In part 1, we described a data model where the entire business was mapped with its supporting processes and technologies. We were not only able to set an accountability matrix, but also set the stage for connecting other systems and metrics as we saw fit.
Choosing One Metric
From an Org wide metrics perspective, an industry standard is using a defined Service Level Agreement (SLA) for each business process. In this example, we are going to use availability, or “uptime”, so if you have a 99.9x% SLA, that corresponds to a number of hours per year your service is up and running. For example, a 99.95% SLA equates to 365 days (typical year) * 24 hours a day is 8,760 hours, subtracting 99.95% and that leaves 4.38 hours to be down.
Another question that is asked at this point would be, what counts as downtime? We determine it by how much it affects the business processes. It can vary from organization to organization, because there are geographic factors, partial outages, and varying degrees of service disruption. At the end of the day, we put these all in a formula and categorize it by severity as part of the main calculation for our uptime. For example, an application can suffer a Severity 1 incident for 1 hour, and that will be docked against the total count, it could also suffer many Severity 3 or 4 incidents, which will be recorded but not counted against the SLA. Thus at the end of the day, we are able to tie any event to a single measurement (for the purposes of this post we will keep it at one measurement).
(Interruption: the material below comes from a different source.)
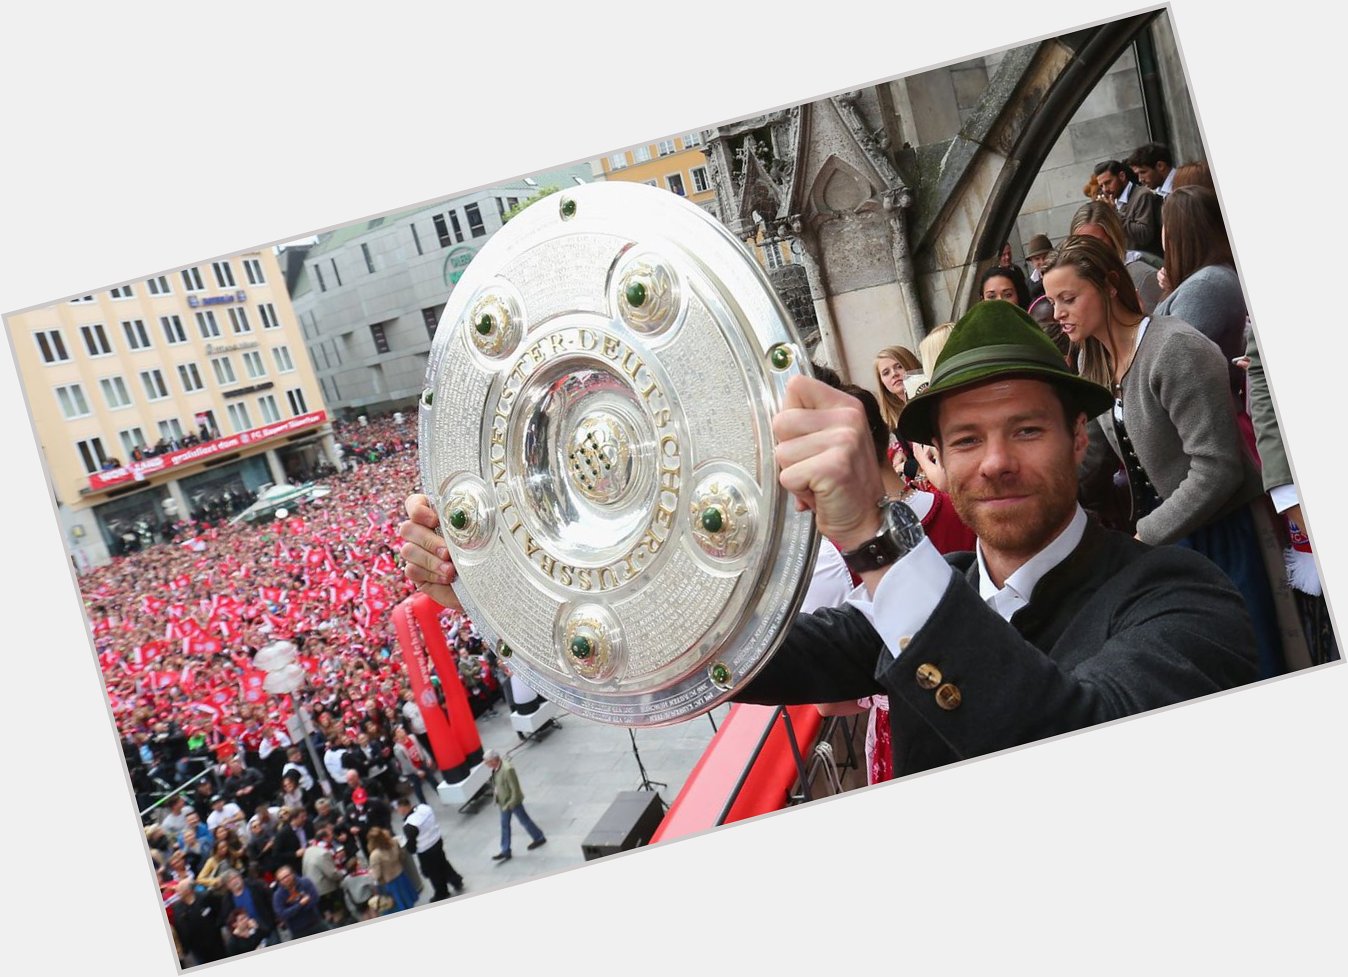 Happy birthday to Bayern Munich midfielder Xabi Alonso.

The former Liverpool player turns 34 today.

From here, we had to design a system to track downtime as well as tying it to all 3 components in part 1. There is a lot of simplification here, but at the very base unit, we tied various events, incidents, cases, and other data points to our technology records. That is, if there is a disruption, we always tie it to a technology, and then from our data model we are able to link the technology to services, and then to capabilities.
So in a (simplified) nutshell: Support Cases, Incidents, Tech Assets (Servers), Requests are all tied to 1 Technology, and these then roll up to the Services/Capabilities data model we’ve set up so far.
Still with me here? Let’s use our previous example of Recruiting. The Workday integration server that pushes data gets corrupted and and all of a sudden the hiring team’s source of truth has been erased.
The moment the integration server goes down, our monitoring agents will know immediately, if not, there are various other means to find out, like chatter posts, word of mouth or getting reported that something is wrong. All paths create an Incident, which then automatically informs the Application Manager and Service Manager. The teams then restart the integration and it is fixed within the hour, all data is back to normal.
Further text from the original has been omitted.